Old Bible fragments found in Auckland

Tattered pieces from two Bibles more than 1200 years old have been found in another Bible in Auckland.

JESSICA TASMAN-JONES for Fairfax News  |  04 Apr 2012

Tattered pieces from two Bibles more than 1200 years old have been found in another Bible in an Auckland library.

The pieces, sewn into the four-volume Latin Bible, were discovered by staff at Sir George Grey's Special Collections in the central city library.

They were found while staff were cataloguing books dating from before 1501.

The tattered manuscript is believed to date from just after 800AD and could be the earliest fragments of Western manuscripts in Australasia.

Colin Davis, chair of the Auckland Library Heritage Trust, says the find is "internationally significant".

The Bible it was found in is a treasure in its own right, dating from the 15th century and originally belonging to a monastery in southern Germany.

It had been presented in 1913 by Henry Shaw.

The find was sent to Emeritus Professor Alexandra Barratt who discovered more fragments in three of the four volumes.

"Strips of vellum manuscript were sewn into the centre of the paper 'quires' or booklets which make up the volumes of the Bible, to strengthen them," Professor Barratt says.

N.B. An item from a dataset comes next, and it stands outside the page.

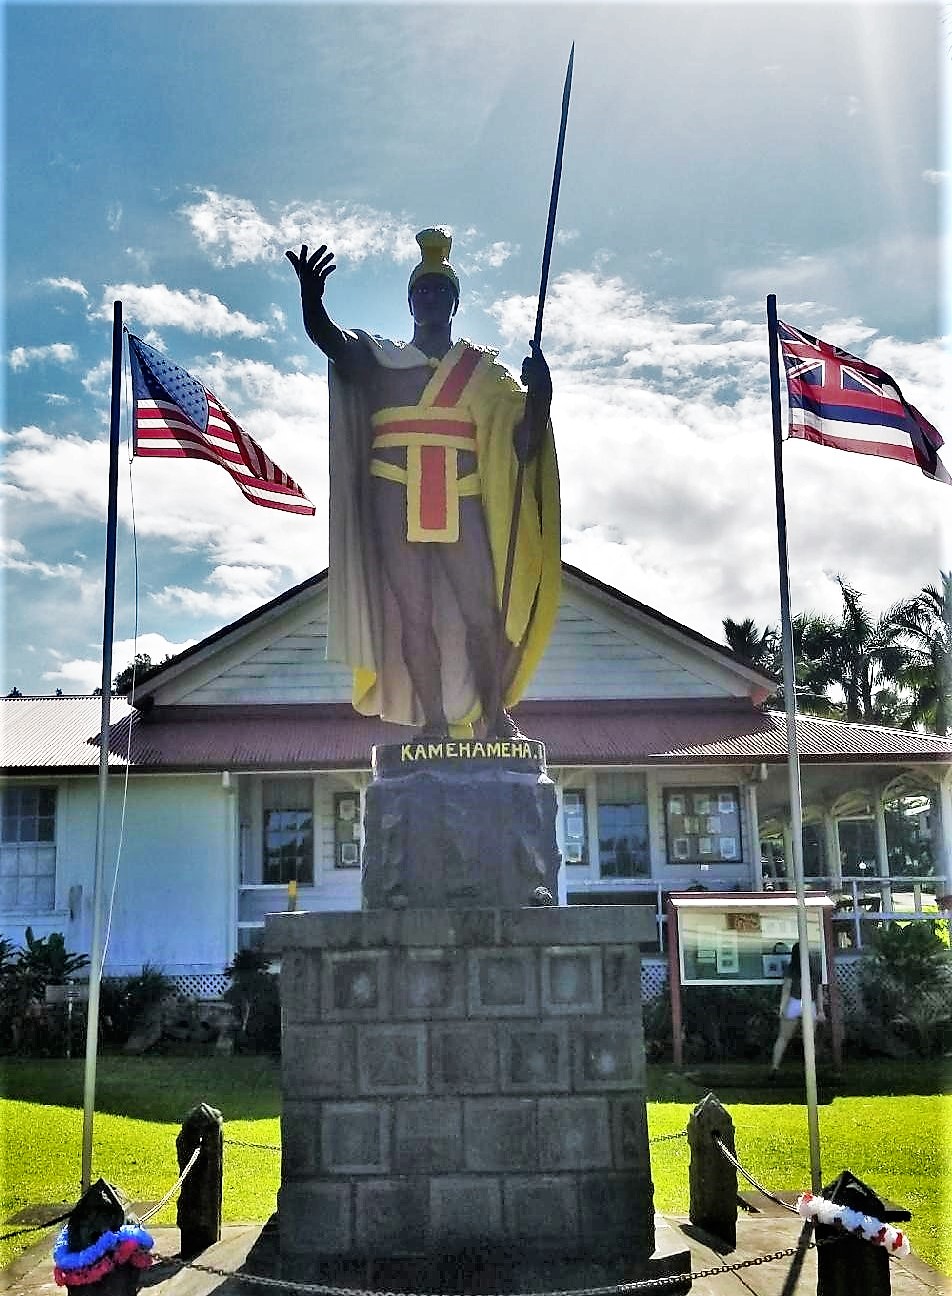 Original statue of King Kamehameha on display in Kapa'au

"The strips were cut from a Latin Carolingian Bible, that is, a bible written at the time of the emperor Charlemagne." 

"According to an English expert, they date from the early 9th century, maybe not long after AD 800, making them more than 1200 years old," she says.

Auckland Libraries heritage and research manager Sue Cooper says the remnants are believed to be the earliest fragments of Western manuscripts in Australasia or event the southern hemisphere.

Not all of the fragments are readable but include extracts from the book of Exodus, Leviticus, Numbers, Ezekiel and Hosea.

Other remains from the two manuscripts are believed to be in the Bavarian State Library in Munich, Germany.

Also found in a 1510 book on canon law was a page of papal indulgences, issued by Pope Leo X for the benefit of a monastery in Portugal.

This is believed to be the only papal indulgence recorded in a New Zealand library.

The Sir George Grey Special Collections are on the second floor of the central library and hold rare books, photographs, ephemera, manuscripts, historic and rare maps, heritage music materials and oral histories.